▸ Your goal:
An exact copy is all that is wanted: the lines from the one with "Christmas Coloring Pages For Toddlers" through the end of the listing below, both included, minus any pictures.

▸ Recorded data:
══════════════════════════════
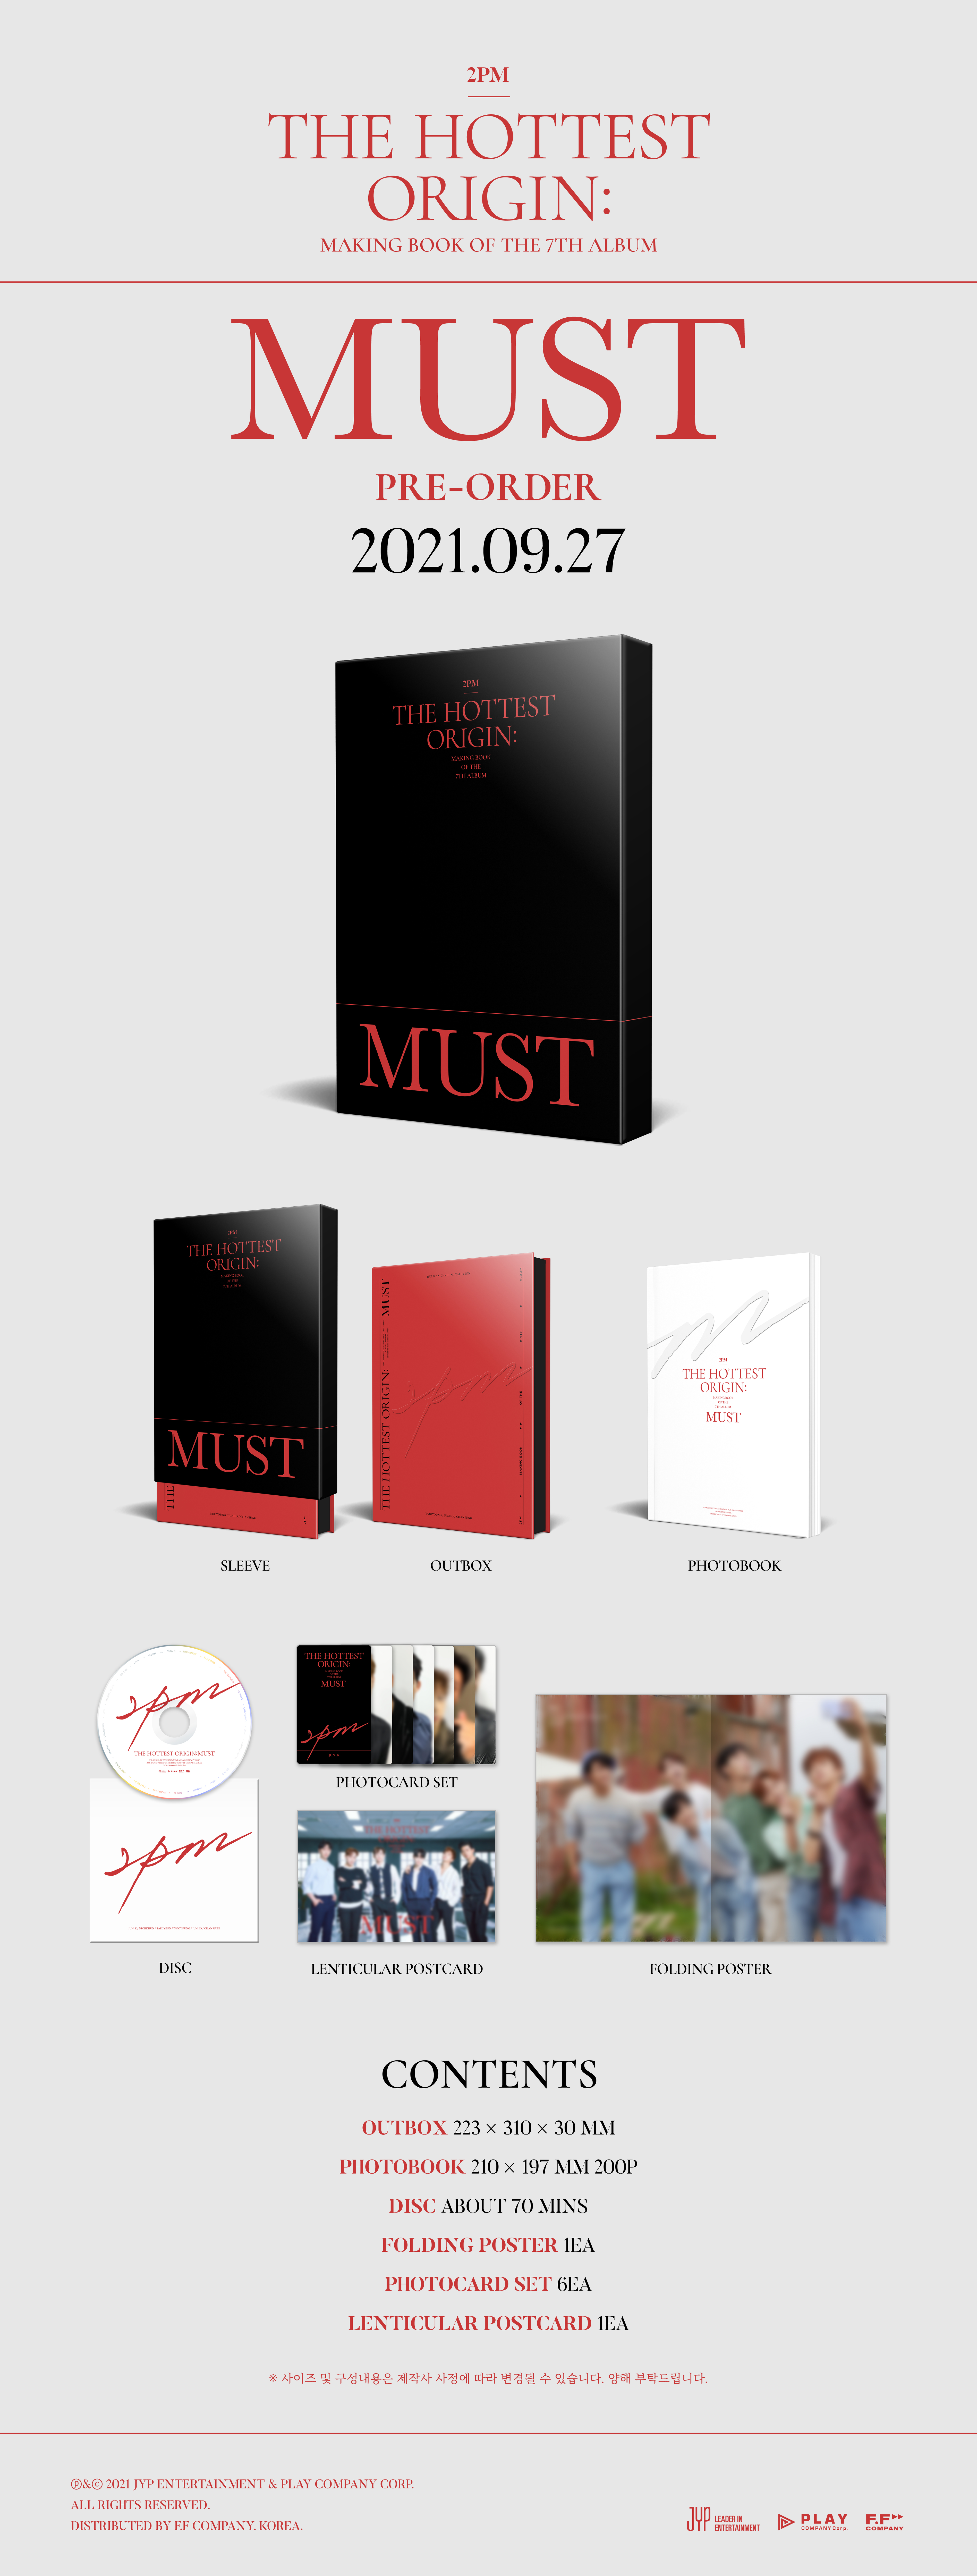 2PM｜DVD付きフォトブック『2PM THE HOTTEST ORIGIN: MUST MAKING BOOK
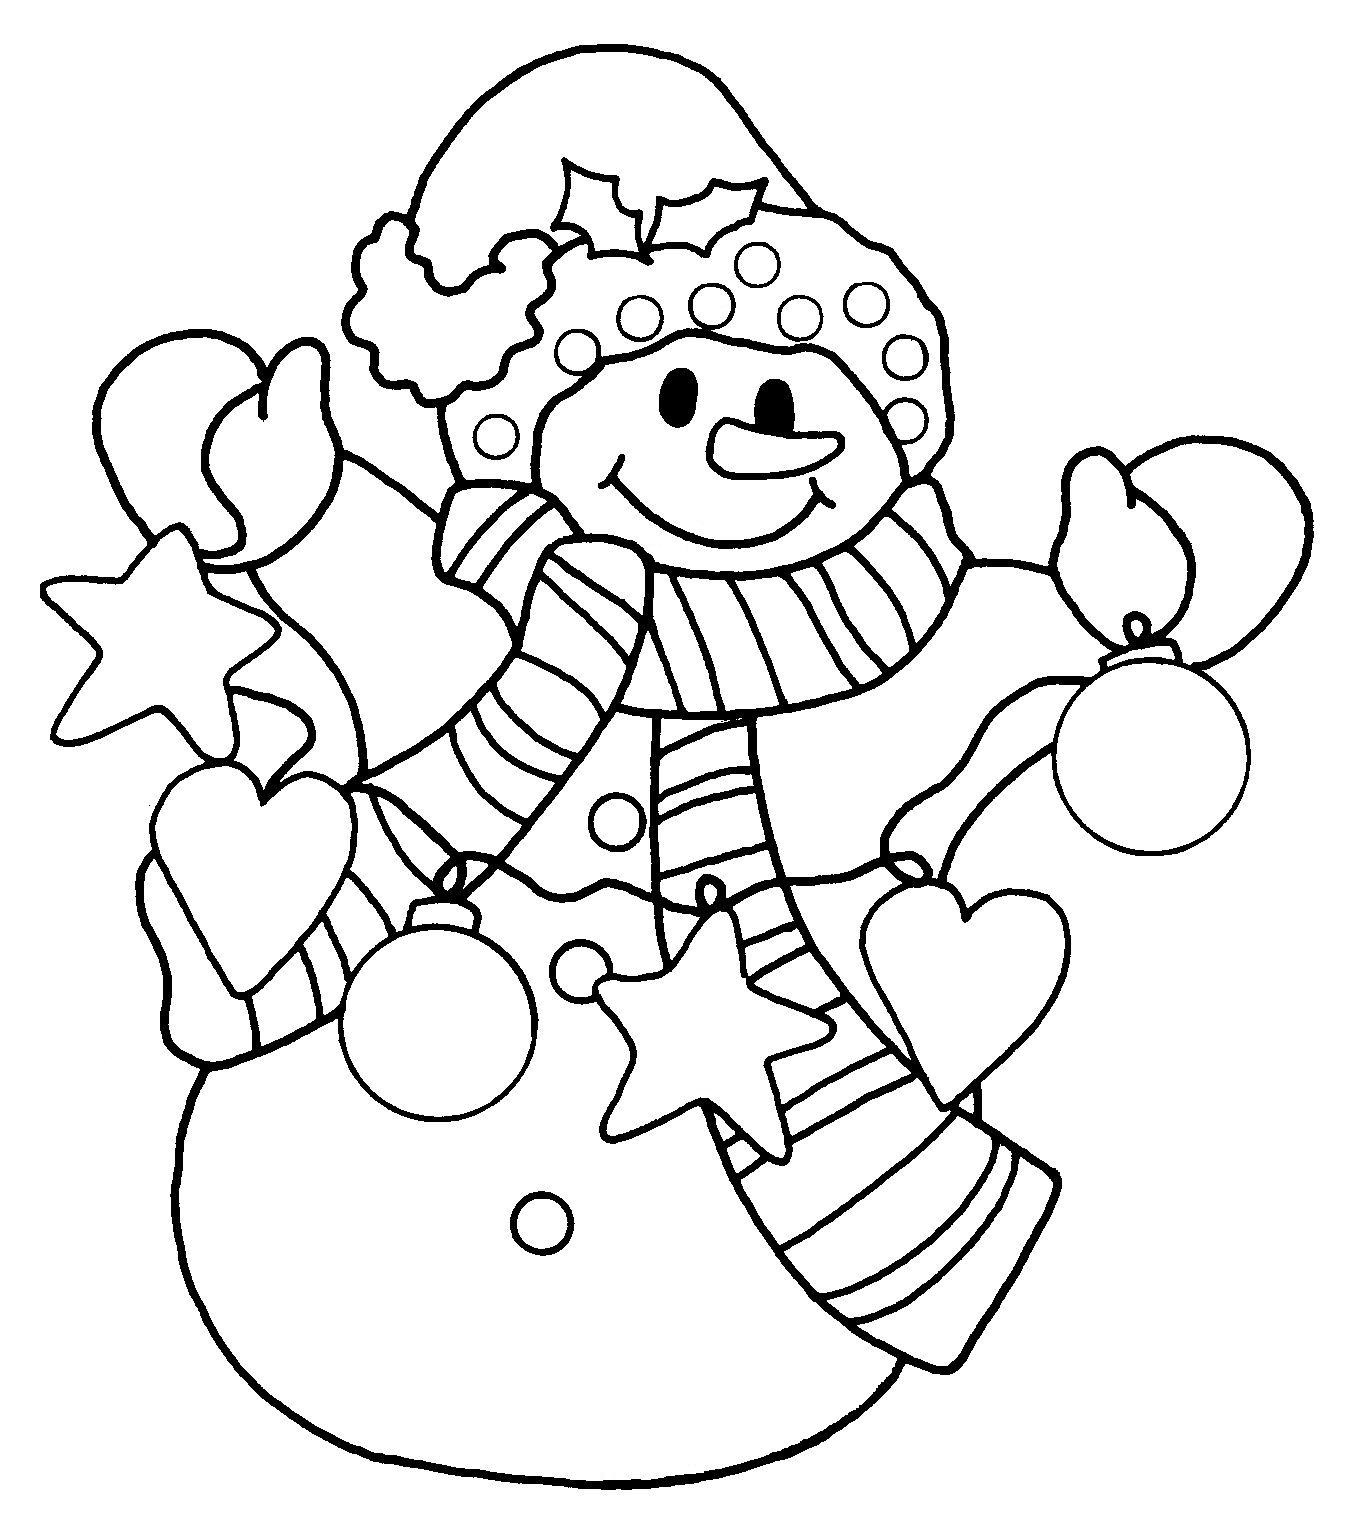 Christmas Coloring Pages For Toddlers
 DZ Doodles Digital Stamps Oodles of Doodles News Freebie
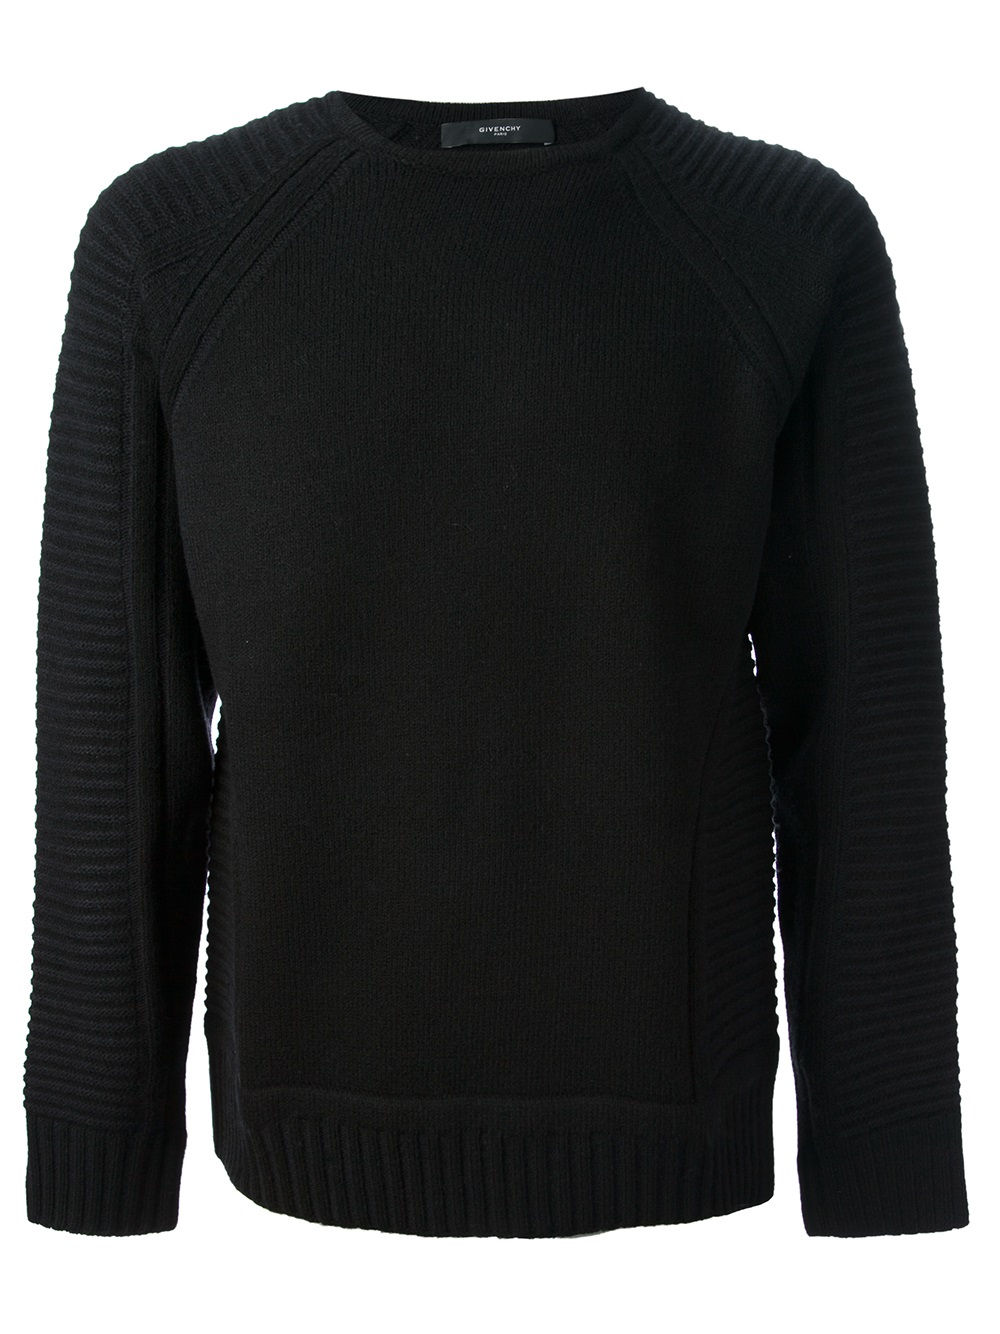 Lyst - Givenchy Knitted Jumper in Black for Men
══════════════════════════════
▸ Written response:
 Christmas Coloring Pages For Toddlers
 DZ Doodles Digital Stamps Oodles of Doodles News Freebie
 Lyst - Givenchy Knitted Jumper in Black for Men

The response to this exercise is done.